==== Data extracts ====
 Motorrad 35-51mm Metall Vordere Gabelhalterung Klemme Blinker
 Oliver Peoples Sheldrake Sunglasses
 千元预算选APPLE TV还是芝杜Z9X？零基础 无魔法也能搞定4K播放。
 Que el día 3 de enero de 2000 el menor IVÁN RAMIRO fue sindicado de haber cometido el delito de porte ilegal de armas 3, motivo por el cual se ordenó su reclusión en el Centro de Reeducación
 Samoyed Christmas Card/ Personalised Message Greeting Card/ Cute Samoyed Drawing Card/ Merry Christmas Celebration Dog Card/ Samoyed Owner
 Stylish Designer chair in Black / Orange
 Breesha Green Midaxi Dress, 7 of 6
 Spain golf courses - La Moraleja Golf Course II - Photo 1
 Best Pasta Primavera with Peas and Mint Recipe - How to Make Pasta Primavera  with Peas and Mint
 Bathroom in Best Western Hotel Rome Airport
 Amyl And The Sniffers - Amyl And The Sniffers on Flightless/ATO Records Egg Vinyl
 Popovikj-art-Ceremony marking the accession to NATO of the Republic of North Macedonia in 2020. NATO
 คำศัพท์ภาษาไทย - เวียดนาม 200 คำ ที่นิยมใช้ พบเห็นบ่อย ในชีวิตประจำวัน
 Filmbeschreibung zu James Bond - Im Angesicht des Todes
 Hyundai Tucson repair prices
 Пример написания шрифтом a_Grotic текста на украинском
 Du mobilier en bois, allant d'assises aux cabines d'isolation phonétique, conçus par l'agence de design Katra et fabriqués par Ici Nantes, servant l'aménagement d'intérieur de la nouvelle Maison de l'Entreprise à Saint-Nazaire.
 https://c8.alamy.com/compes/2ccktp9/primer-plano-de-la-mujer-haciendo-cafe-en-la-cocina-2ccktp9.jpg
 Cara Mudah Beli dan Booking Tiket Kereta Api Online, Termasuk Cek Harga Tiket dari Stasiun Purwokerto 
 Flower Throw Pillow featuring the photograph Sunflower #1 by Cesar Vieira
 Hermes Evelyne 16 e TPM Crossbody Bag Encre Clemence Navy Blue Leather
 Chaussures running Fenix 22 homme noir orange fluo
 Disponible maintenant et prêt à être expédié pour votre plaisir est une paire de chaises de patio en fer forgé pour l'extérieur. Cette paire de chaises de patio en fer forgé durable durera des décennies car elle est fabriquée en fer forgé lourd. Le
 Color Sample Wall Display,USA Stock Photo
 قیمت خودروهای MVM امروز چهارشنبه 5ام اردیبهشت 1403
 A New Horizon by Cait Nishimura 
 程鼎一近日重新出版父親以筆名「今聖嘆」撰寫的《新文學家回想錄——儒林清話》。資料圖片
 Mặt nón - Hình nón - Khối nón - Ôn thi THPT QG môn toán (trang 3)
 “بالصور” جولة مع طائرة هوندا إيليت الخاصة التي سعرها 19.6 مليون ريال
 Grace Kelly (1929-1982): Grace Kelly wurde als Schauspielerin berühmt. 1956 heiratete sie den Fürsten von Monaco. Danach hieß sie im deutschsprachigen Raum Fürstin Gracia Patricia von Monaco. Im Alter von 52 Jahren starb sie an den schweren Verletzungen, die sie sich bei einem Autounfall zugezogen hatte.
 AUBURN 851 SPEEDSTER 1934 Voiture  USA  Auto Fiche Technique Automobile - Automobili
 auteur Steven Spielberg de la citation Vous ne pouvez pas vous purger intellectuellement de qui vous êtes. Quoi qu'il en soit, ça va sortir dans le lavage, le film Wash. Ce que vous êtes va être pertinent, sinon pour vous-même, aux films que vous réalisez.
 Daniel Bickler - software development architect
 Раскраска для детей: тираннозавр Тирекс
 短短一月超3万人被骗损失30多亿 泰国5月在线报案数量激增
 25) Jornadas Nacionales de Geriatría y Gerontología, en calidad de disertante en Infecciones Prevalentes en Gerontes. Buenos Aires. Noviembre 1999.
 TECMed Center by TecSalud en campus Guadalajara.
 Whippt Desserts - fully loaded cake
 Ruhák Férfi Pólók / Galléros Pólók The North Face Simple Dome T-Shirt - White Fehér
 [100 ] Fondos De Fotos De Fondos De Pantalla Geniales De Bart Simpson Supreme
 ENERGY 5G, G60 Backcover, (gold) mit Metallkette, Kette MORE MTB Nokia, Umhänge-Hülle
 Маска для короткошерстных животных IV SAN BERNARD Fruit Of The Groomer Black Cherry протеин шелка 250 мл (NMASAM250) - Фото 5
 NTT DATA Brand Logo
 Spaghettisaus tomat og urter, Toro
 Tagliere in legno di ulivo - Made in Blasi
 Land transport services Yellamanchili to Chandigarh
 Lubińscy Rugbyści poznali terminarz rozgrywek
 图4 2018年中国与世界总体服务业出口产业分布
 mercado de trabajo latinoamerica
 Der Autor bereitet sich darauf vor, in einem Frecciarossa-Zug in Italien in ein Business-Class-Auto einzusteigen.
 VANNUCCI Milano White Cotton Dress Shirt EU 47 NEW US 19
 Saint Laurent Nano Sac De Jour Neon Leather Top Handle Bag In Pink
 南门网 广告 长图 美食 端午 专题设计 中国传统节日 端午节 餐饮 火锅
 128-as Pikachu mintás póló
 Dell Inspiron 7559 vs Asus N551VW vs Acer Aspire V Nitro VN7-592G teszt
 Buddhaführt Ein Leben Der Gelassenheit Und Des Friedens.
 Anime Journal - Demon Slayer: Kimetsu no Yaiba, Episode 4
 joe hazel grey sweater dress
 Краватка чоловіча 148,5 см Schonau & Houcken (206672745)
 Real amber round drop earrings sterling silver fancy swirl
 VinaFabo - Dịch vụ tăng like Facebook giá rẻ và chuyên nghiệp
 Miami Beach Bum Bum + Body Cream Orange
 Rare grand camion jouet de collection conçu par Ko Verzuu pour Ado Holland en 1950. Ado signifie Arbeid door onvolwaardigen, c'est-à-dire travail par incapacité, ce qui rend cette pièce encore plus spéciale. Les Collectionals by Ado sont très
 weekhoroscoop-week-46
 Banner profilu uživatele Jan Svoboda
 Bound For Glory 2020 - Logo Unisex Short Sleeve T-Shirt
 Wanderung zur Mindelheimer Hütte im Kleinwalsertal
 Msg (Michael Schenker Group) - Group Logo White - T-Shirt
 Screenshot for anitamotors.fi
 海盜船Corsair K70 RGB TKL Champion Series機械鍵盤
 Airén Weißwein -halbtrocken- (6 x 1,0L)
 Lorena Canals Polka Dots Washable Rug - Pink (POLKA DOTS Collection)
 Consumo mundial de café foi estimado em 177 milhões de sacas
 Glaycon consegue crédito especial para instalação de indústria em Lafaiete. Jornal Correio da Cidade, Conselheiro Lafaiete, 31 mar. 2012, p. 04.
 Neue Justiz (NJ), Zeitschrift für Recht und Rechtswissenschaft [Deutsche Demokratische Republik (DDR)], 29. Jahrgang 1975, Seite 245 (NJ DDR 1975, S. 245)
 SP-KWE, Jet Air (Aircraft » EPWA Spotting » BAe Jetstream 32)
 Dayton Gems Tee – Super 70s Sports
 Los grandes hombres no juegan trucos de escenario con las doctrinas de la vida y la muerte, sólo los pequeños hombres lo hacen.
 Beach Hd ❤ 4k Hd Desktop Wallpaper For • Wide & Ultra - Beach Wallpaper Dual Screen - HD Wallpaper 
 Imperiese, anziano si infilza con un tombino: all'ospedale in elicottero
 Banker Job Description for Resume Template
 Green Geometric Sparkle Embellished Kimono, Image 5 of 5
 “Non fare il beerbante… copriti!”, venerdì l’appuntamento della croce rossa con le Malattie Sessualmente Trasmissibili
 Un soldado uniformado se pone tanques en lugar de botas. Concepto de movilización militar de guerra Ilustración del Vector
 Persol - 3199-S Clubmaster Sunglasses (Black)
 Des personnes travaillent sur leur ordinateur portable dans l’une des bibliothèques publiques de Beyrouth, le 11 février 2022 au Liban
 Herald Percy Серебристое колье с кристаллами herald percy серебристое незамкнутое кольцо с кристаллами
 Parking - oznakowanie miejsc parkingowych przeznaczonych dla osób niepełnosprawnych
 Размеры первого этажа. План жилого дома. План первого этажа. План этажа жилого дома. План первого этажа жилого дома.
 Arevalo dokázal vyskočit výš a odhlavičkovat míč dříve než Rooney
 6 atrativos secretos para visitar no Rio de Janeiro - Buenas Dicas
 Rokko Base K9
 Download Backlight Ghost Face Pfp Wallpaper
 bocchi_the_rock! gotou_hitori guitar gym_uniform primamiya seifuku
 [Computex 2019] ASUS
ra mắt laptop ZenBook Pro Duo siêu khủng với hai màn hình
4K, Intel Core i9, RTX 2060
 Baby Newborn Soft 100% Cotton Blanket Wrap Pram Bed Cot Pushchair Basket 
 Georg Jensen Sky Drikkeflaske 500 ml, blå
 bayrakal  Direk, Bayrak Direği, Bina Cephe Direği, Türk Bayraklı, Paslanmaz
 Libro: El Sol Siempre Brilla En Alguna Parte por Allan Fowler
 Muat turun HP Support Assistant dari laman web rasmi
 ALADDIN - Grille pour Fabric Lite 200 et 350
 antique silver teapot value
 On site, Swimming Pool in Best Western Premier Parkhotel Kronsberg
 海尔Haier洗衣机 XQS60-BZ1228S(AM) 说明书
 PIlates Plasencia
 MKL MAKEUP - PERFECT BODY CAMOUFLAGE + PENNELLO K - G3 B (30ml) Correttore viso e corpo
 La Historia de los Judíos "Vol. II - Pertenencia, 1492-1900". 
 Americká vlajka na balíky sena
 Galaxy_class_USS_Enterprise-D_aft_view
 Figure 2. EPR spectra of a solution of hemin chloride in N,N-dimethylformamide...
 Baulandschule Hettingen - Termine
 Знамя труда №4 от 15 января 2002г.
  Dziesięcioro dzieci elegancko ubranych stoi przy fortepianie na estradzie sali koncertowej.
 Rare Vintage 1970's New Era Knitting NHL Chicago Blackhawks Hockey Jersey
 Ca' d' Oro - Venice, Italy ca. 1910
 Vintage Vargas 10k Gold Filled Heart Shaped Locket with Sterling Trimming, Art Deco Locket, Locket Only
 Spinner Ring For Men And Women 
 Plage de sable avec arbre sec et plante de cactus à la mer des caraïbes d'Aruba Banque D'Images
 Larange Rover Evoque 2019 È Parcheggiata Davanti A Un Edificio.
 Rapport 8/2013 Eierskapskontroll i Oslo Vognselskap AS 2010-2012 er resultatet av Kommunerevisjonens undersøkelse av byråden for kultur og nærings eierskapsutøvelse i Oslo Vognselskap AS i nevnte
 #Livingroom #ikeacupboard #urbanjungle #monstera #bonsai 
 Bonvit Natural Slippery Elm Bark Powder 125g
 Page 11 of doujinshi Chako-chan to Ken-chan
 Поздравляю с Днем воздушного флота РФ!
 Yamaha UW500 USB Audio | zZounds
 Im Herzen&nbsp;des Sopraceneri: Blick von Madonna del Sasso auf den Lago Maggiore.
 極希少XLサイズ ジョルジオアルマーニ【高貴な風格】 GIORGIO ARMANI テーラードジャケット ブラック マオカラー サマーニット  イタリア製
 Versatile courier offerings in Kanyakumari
====
Problem details
Look above for the line that contains "Msg (Michael Schenker". Starting there, transcribe every line exactly until you have copied the line that contains "ra mắt laptop".

Answer space
 Msg (Michael Schenker Group) - Group Logo White - T-Shirt
 Screenshot for anitamotors.fi
 海盜船Corsair K70 RGB TKL Champion Series機械鍵盤
 Airén Weißwein -halbtrocken- (6 x 1,0L)
 Lorena Canals Polka Dots Washable Rug - Pink (POLKA DOTS Collection)
 Consumo mundial de café foi estimado em 177 milhões de sacas
 Glaycon consegue crédito especial para instalação de indústria em Lafaiete. Jornal Correio da Cidade, Conselheiro Lafaiete, 31 mar. 2012, p. 04.
 Neue Justiz (NJ), Zeitschrift für Recht und Rechtswissenschaft [Deutsche Demokratische Republik (DDR)], 29. Jahrgang 1975, Seite 245 (NJ DDR 1975, S. 245)
 SP-KWE, Jet Air (Aircraft » EPWA Spotting » BAe Jetstream 32)
 Dayton Gems Tee – Super 70s Sports
 Los grandes hombres no juegan trucos de escenario con las doctrinas de la vida y la muerte, sólo los pequeños hombres lo hacen.
 Beach Hd ❤ 4k Hd Desktop Wallpaper For • Wide & Ultra - Beach Wallpaper Dual Screen - HD Wallpaper 
 Imperiese, anziano si infilza con un tombino: all'ospedale in elicottero
 Banker Job Description for Resume Template
 Green Geometric Sparkle Embellished Kimono, Image 5 of 5
 “Non fare il beerbante… copriti!”, venerdì l’appuntamento della croce rossa con le Malattie Sessualmente Trasmissibili
 Un soldado uniformado se pone tanques en lugar de botas. Concepto de movilización militar de guerra Ilustración del Vector
 Persol - 3199-S Clubmaster Sunglasses (Black)
 Des personnes travaillent sur leur ordinateur portable dans l’une des bibliothèques publiques de Beyrouth, le 11 février 2022 au Liban
 Herald Percy Серебристое колье с кристаллами herald percy серебристое незамкнутое кольцо с кристаллами
 Parking - oznakowanie miejsc parkingowych przeznaczonych dla osób niepełnosprawnych
 Размеры первого этажа. План жилого дома. План первого этажа. План этажа жилого дома. План первого этажа жилого дома.
 Arevalo dokázal vyskočit výš a odhlavičkovat míč dříve než Rooney
 6 atrativos secretos para visitar no Rio de Janeiro - Buenas Dicas
 Rokko Base K9
 Download Backlight Ghost Face Pfp Wallpaper
 bocchi_the_rock! gotou_hitori guitar gym_uniform primamiya seifuku
 [Computex 2019] ASUS
ra mắt laptop ZenBook Pro Duo siêu khủng với hai màn hình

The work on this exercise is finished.